## Work to complete
Leave out any picture and return the remaining listing below exactly as given.

## Given information
------------------------
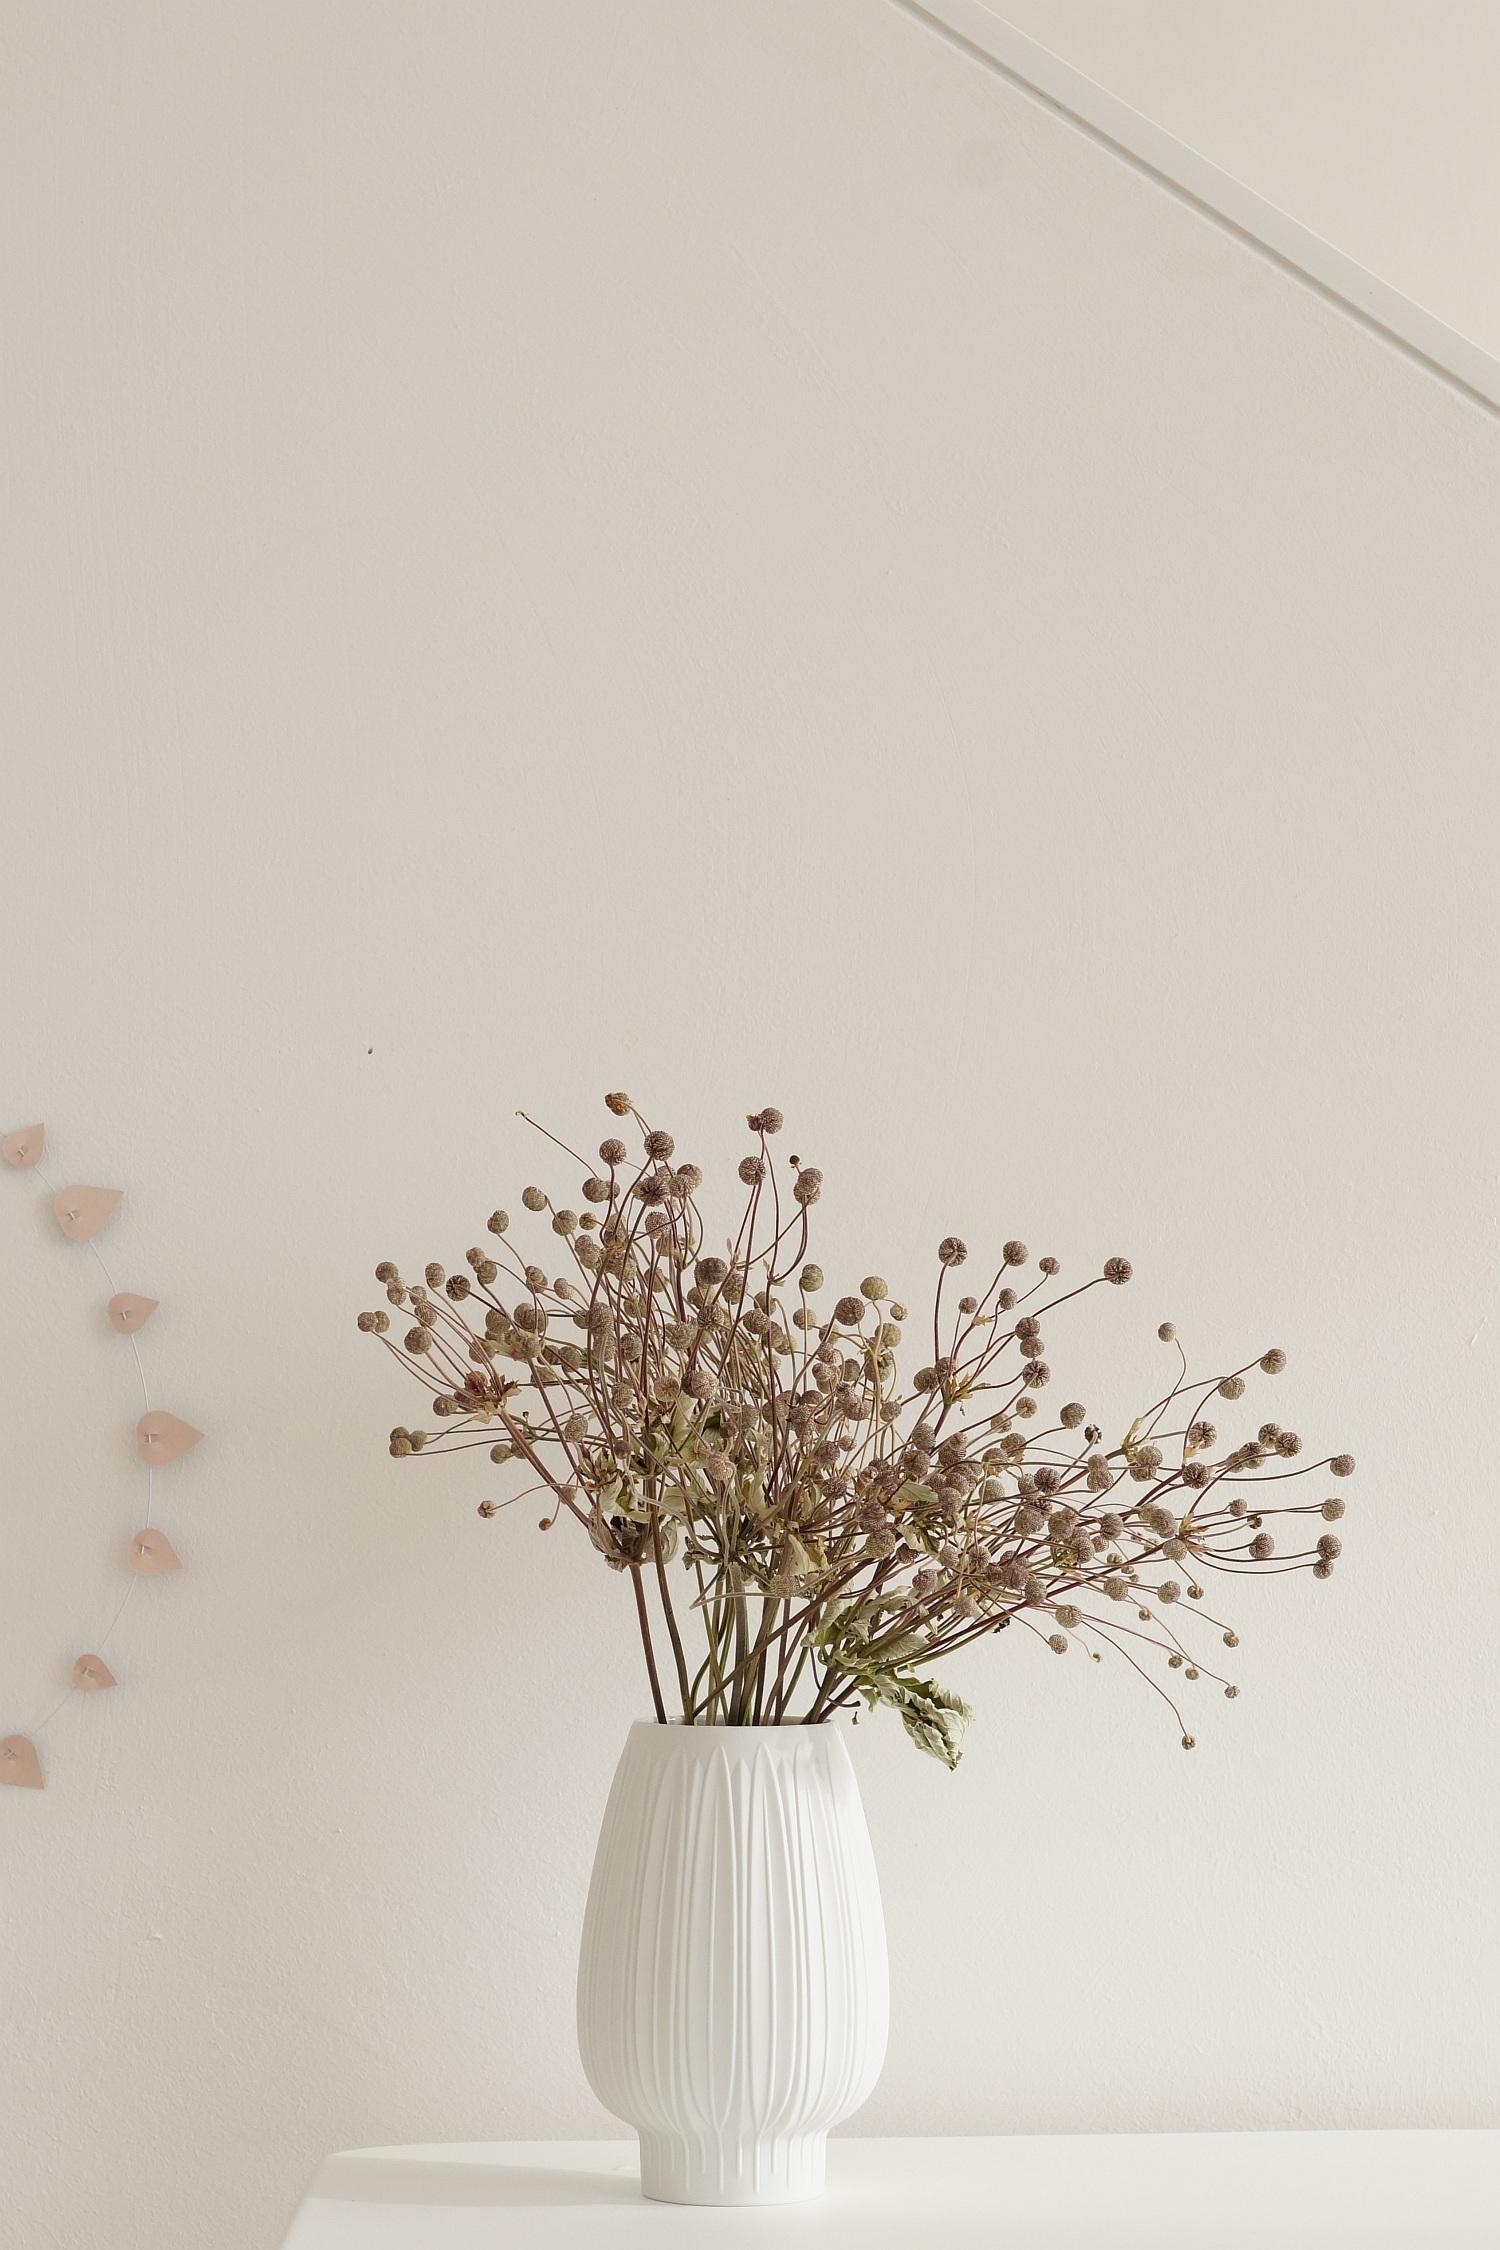 #herbst #blumen #trockenblumen #minimalistisch #pur #vintage #porzellan #weiß #herbstanemonen
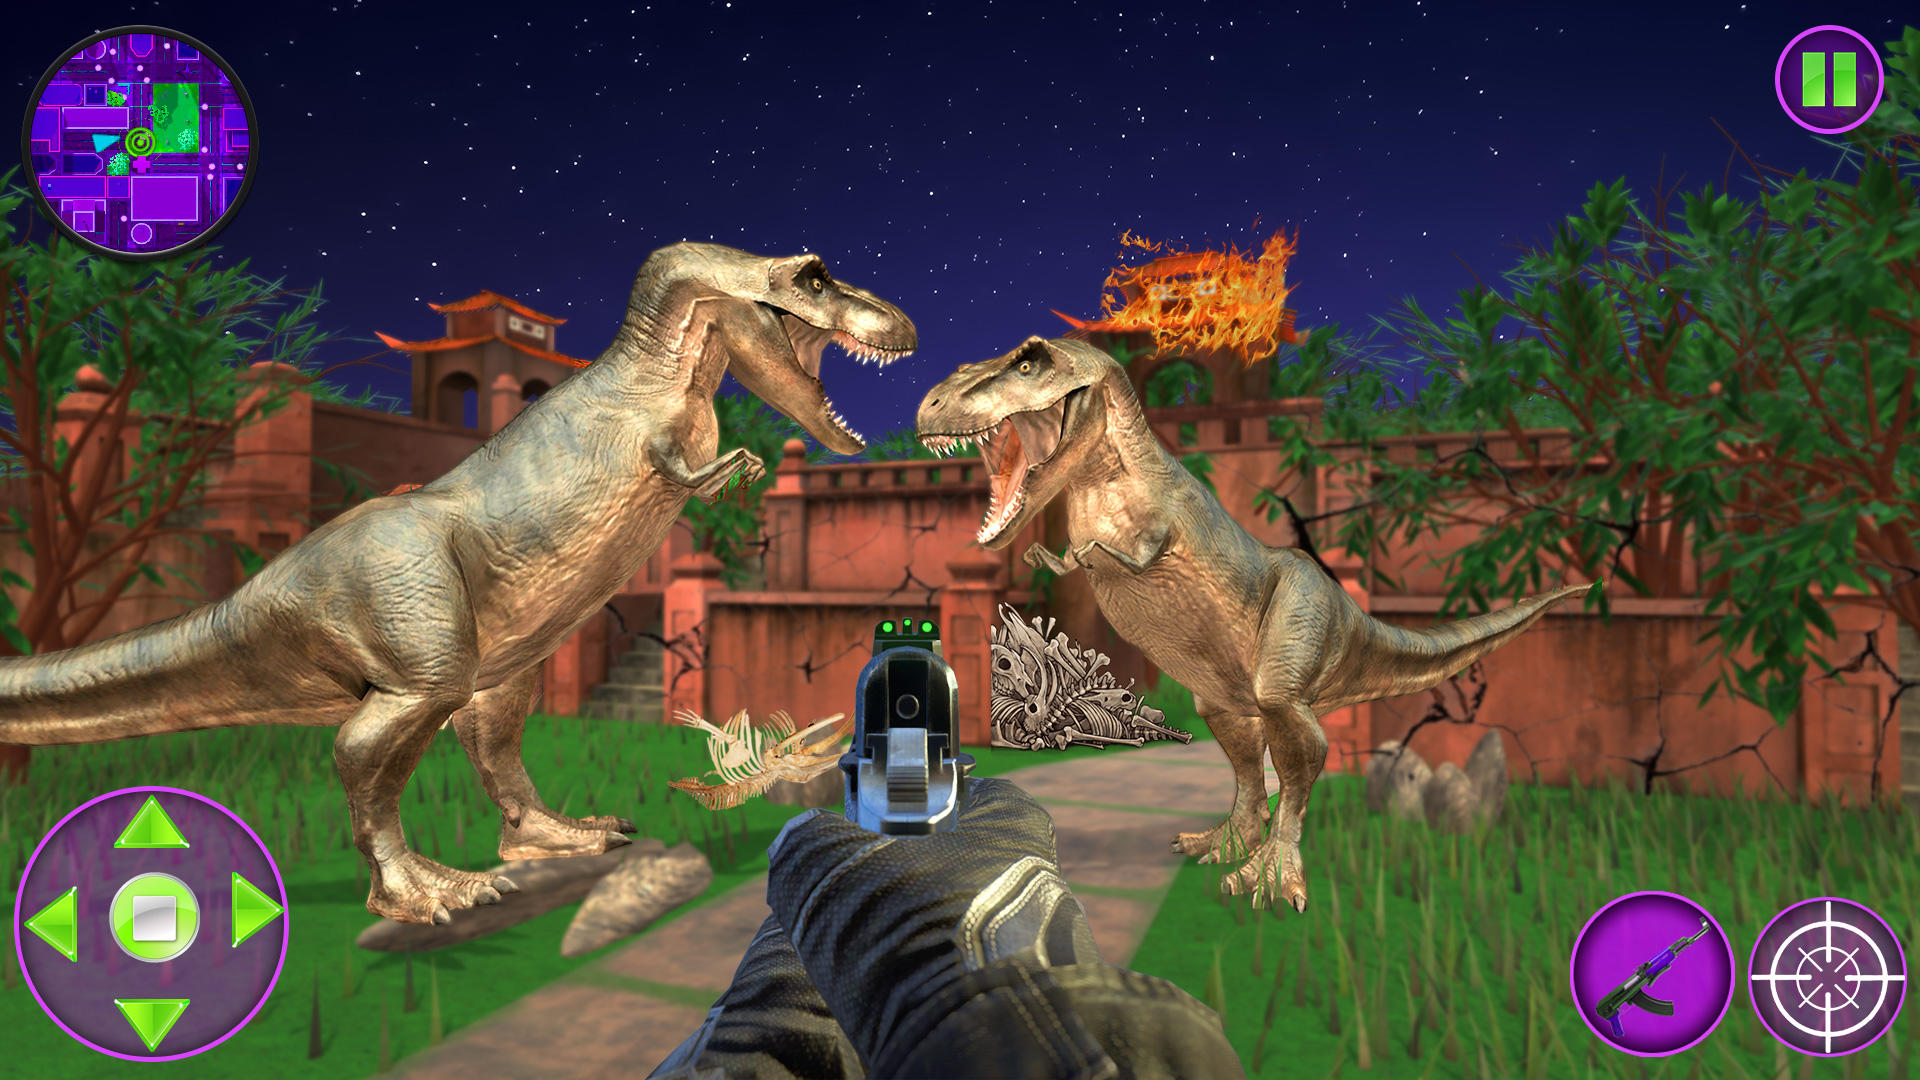 Dinosaur Hunter 3D Game. Dinosaur games are very popular…
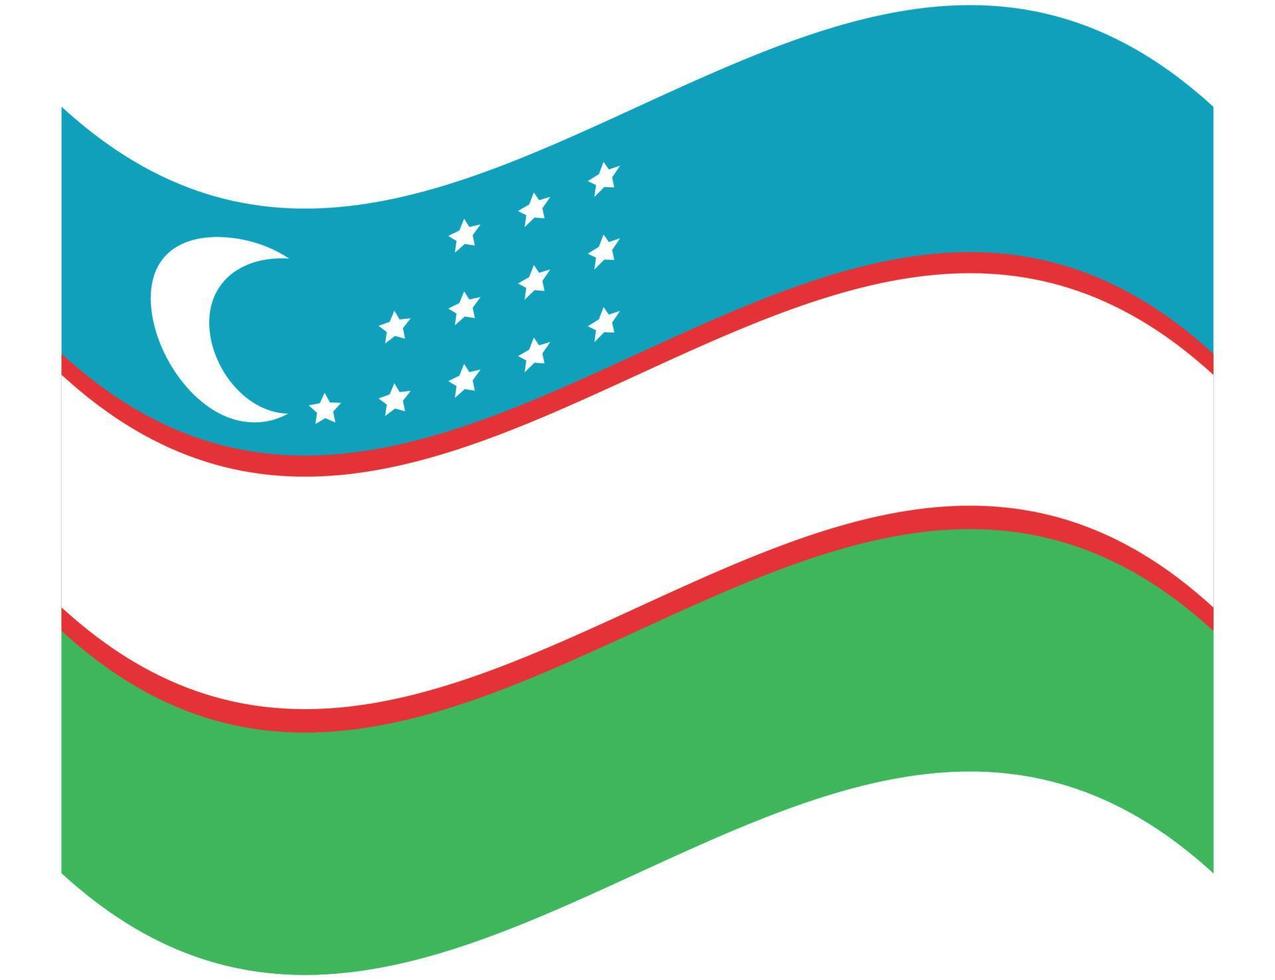 bandeira de ilustração do ícone do Uzbequistão. bandeira nacional do Uzbequistão. vetor
------------------------
## Solution to this exercise
 #herbst #blumen #trockenblumen #minimalistisch #pur #vintage #porzellan #weiß #herbstanemonen
 Dinosaur Hunter 3D Game. Dinosaur games are very popular…
 bandeira de ilustração do ícone do Uzbequistão. bandeira nacional do Uzbequistão. vetor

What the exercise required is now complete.